#### Work request
Return all of the data exactly as written, without the pictures.

#### Data section
--------------------

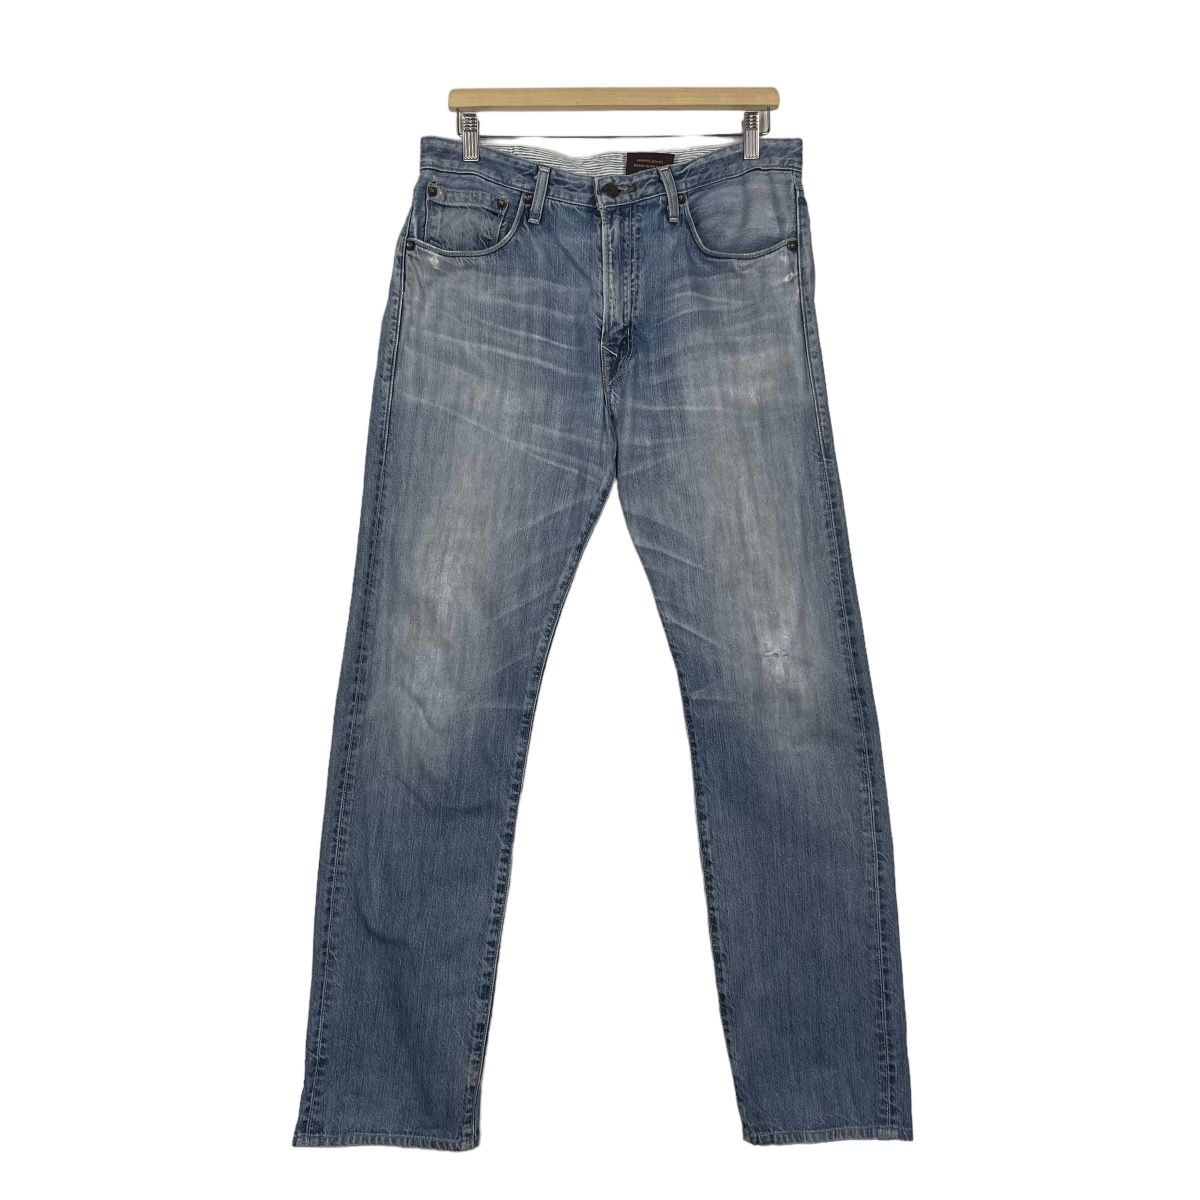 Vintage Levis Classic Lot 202 Jeans - 2
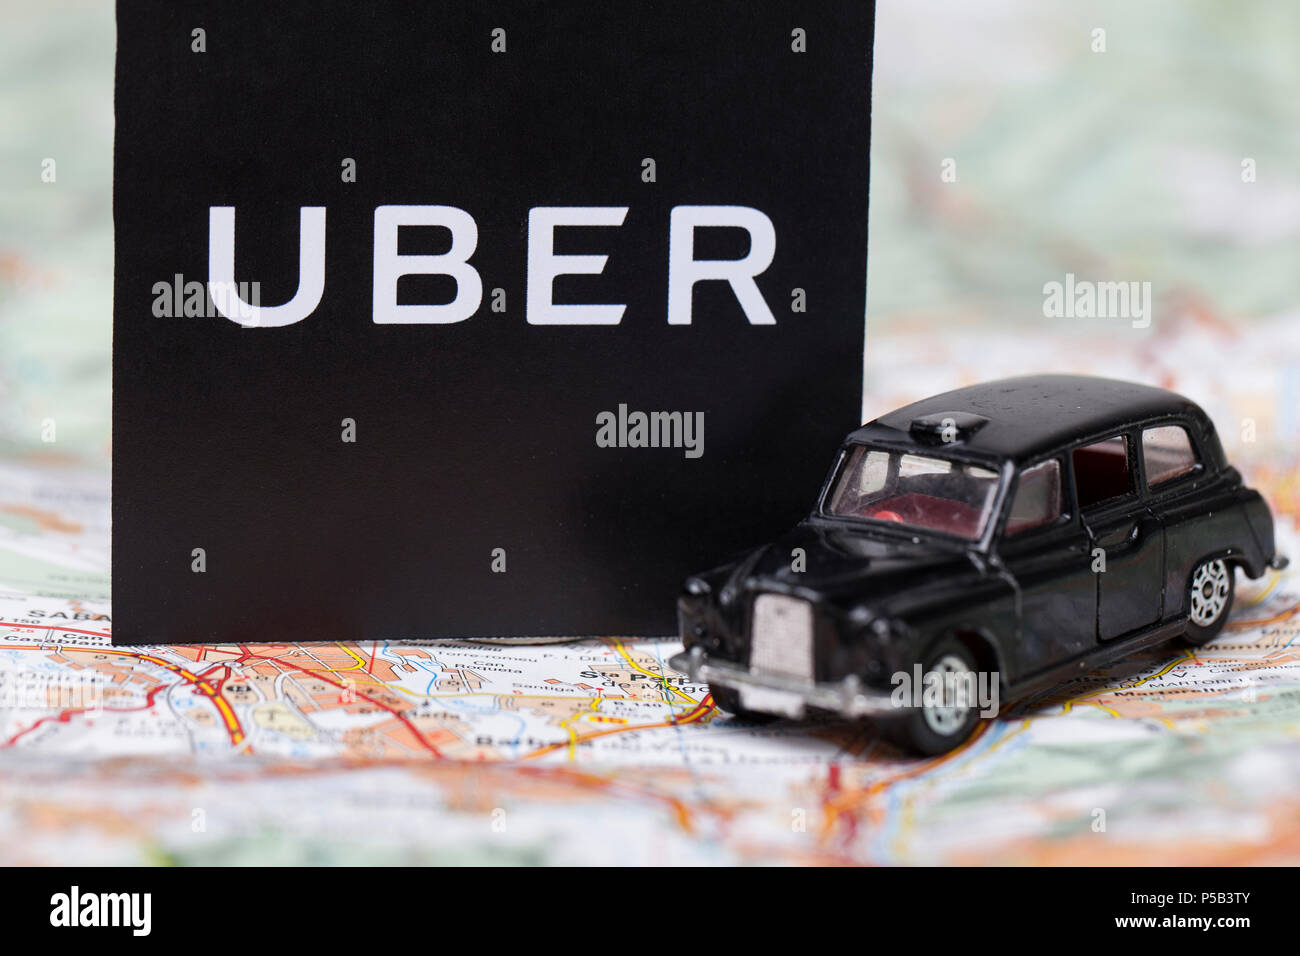 Londres, Reino Unido - 23 de marzo de 2017: Una fotografía de la Uber logotipo con un negro estilo londinense taxi coche de juguete. Uber es un popular servicio de transporte taxi estilo app Foto de stock
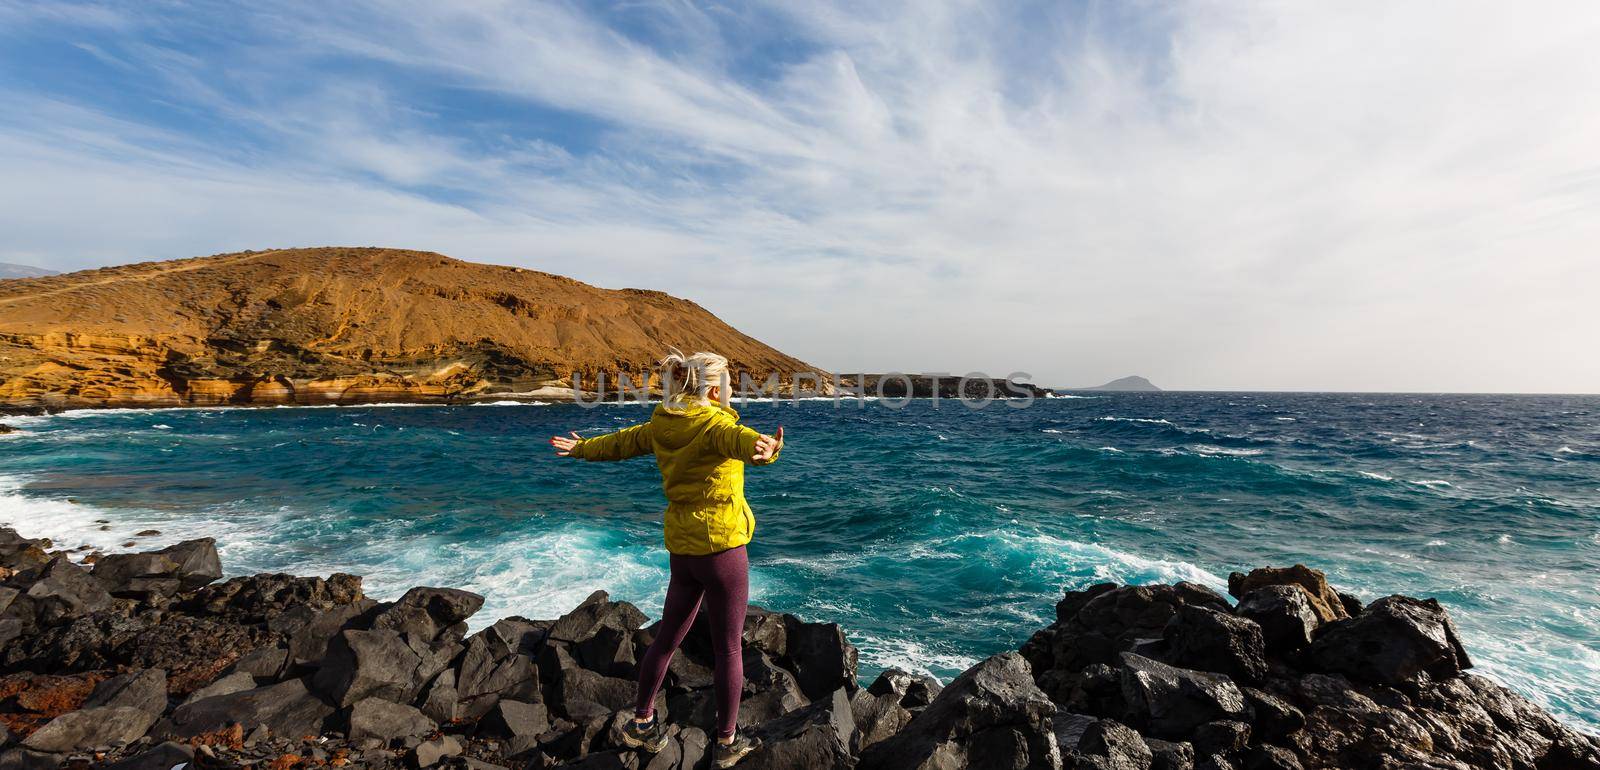 Traveler girl enjoying the beach in Tenerife by Andelov13

--------------------

#### Completed task
 Vintage Levis Classic Lot 202 Jeans - 2
 Londres, Reino Unido - 23 de marzo de 2017: Una fotografía de la Uber logotipo con un negro estilo londinense taxi coche de juguete. Uber es un popular servicio de transporte taxi estilo app Foto de stock
 Traveler girl enjoying the beach in Tenerife by Andelov13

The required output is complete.